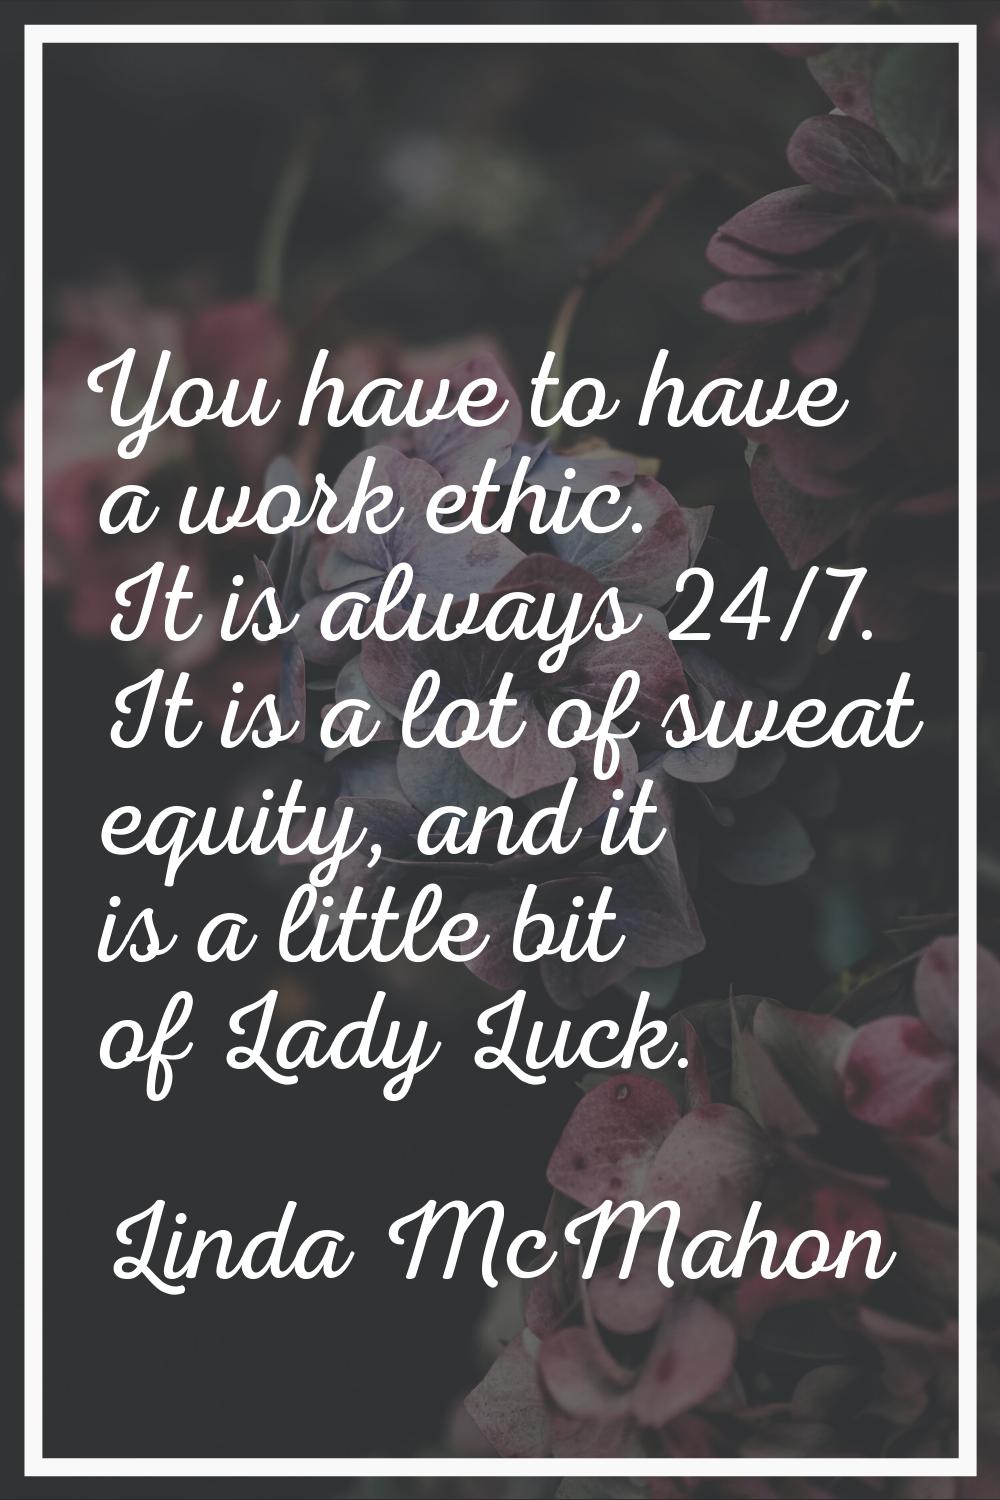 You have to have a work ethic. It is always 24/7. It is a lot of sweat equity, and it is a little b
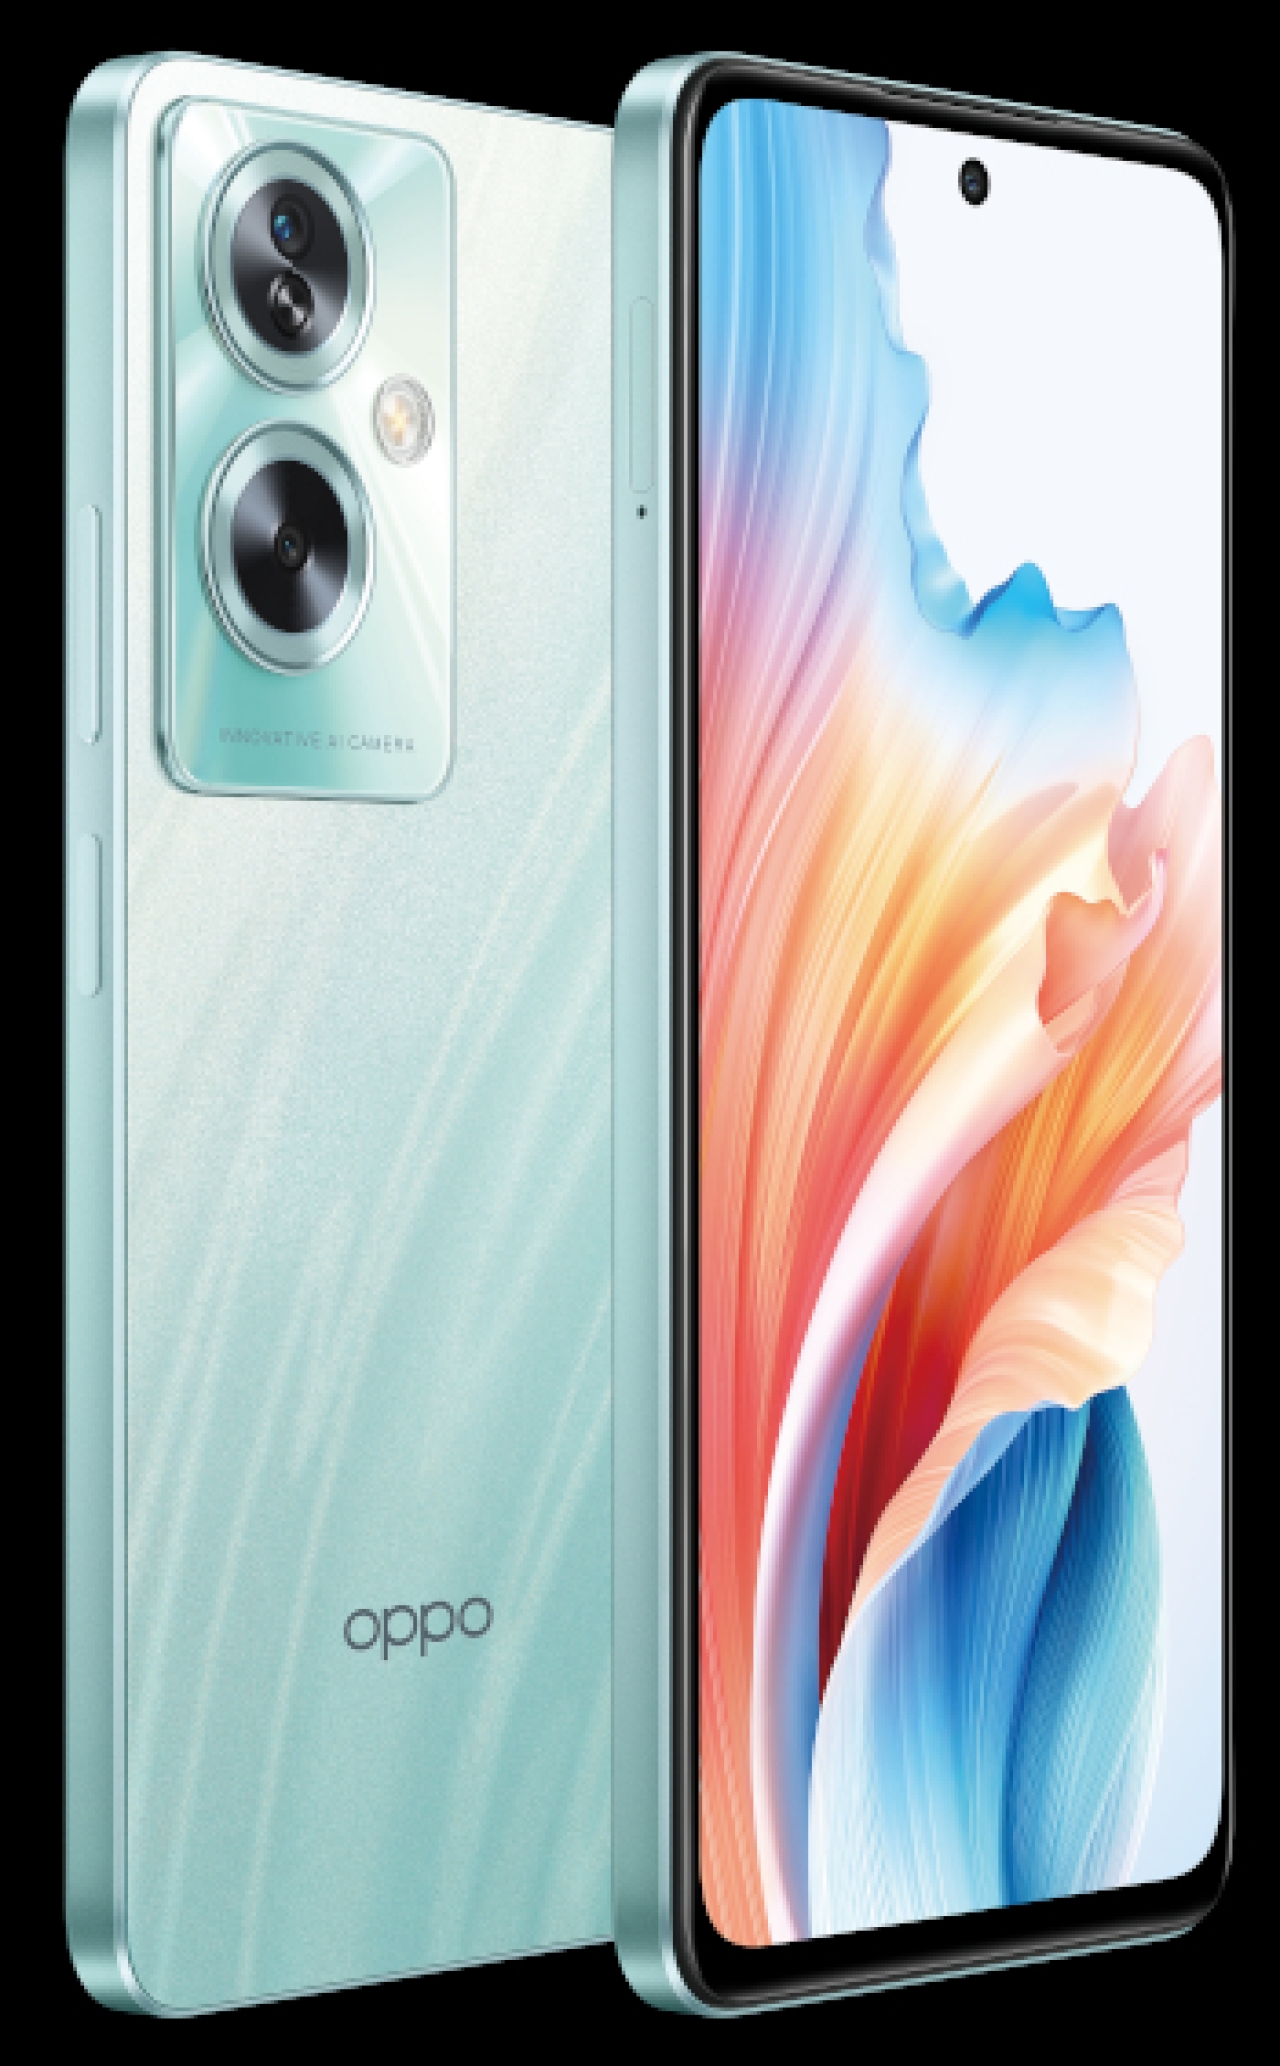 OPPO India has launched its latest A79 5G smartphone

================

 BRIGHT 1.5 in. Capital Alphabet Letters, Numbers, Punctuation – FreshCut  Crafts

================

**Task brief**
Repeat, word for word, the lines of the material above from the one holding "You have to" through the one holding "OPPO India has". Leave out pictures.

**Exercise output**
 You have to have a work ethic. It is always 24/7. It is a lot of sweat equity, and it is a little b
 OPPO India has launched its latest A79 5G smartphone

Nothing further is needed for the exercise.